Mr. Presiding Justice Waterman

delivered the opinion of the Court.

This was a bill for a discovery from and an accounting by appellant as to money it was alleged he had fraudulently received and failed to account for in respect to the business of appellee while he was in its employment.

The defendant denying all fraud, and that the complainant was entitled to any of the moneys received by him, admitted having received certain moneys collected by the complainant. There was a reference to a master to take testimony. Testimony was takén by the master upon the subject of moneys received by appellant and his liability to account therefor.
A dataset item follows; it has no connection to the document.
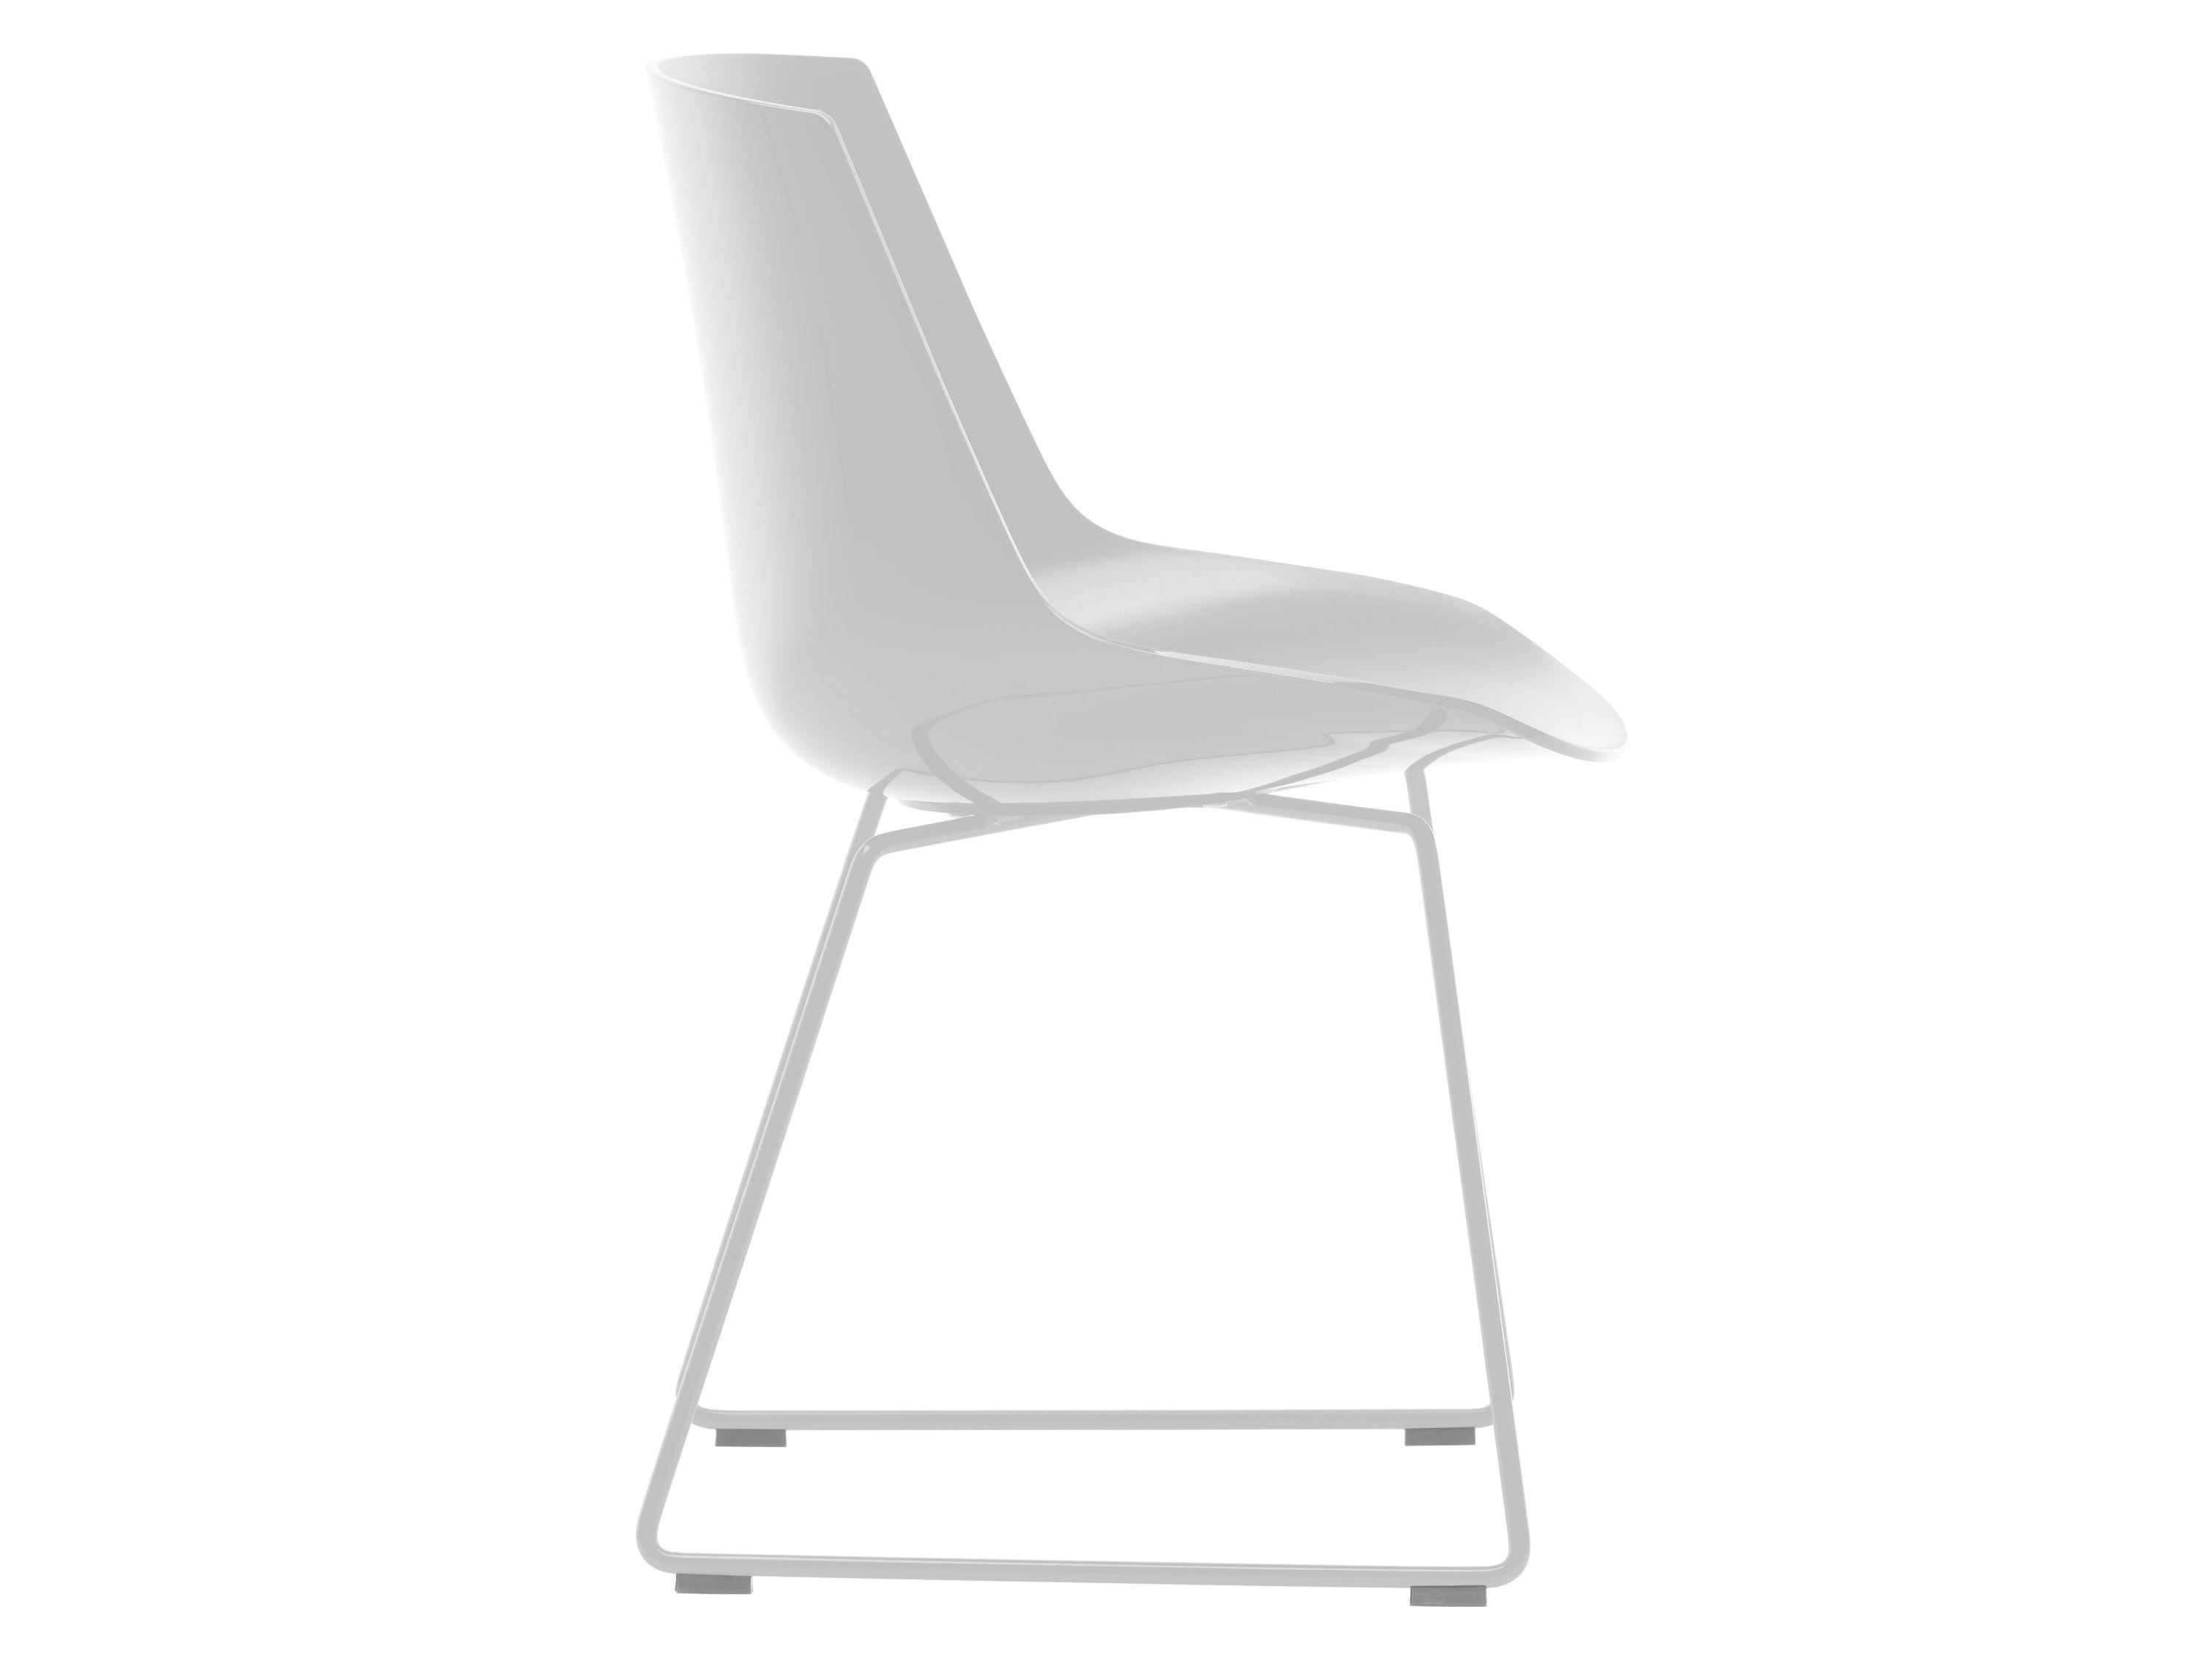 Möbel - Stühle  - Flow Stuhl Kufengestell - MDF Italia - Glänzend weiß - weißes Gestell - lackierter Stahl, Polykarbonat

The master reported the evidence without stating an account. From the testimony so reported, the Circuit Court made up an account and ordered the appellant to pay to the appellee $1,839.40. The cause should have been referred to a master to state an account.

In the manner in which the suit was disposed of, two courts have already been called upon to go through the entire mass of testimony, sift therefrom what is material and make the necessary calculations to arrive at a true account. This is not the business of a chancellor. Solicitors are not entitled to throw upon a chancellor the clerical and accountant labor of going through accounts; this court has not the time for such work. The practice, here presented, has been repeatedly condemned by the Supreme Court, and the decree herein rendered is reversed and the cause remanded with directions to refer the same to a master to take and state an account between the parties and report the same to the court. Huling v. Farwell et al., 33 Ill. App. 238; Moss v. McCall, 75 Ill. 190; French v. Gibbs, 105 Ill. 523; Beale v. Beale, 116 Ill. 292.

The objection here made is one which a court will of its own motion interpose for its protection from unnecessary labor sought to be imposed upon it. Useful forms of orders of referehce in such cases can be found in Yol. 3, page 2193, of Daniell’s Chancery Practice; attention is specially called to notes “ b ” and “ f ” as likely to be saving of time to the court and expense to parties.

We also call attention to what is said concerning the proper practice in Huling v. Farwell, supra; Heffron v. Gore, 40 Ill. App. 257-265; Brown v. McKay, 51 Ill. 295299; Hudson et al. v. Eugene Glass Co., 54 Ill. App. 248. Reversed with directions.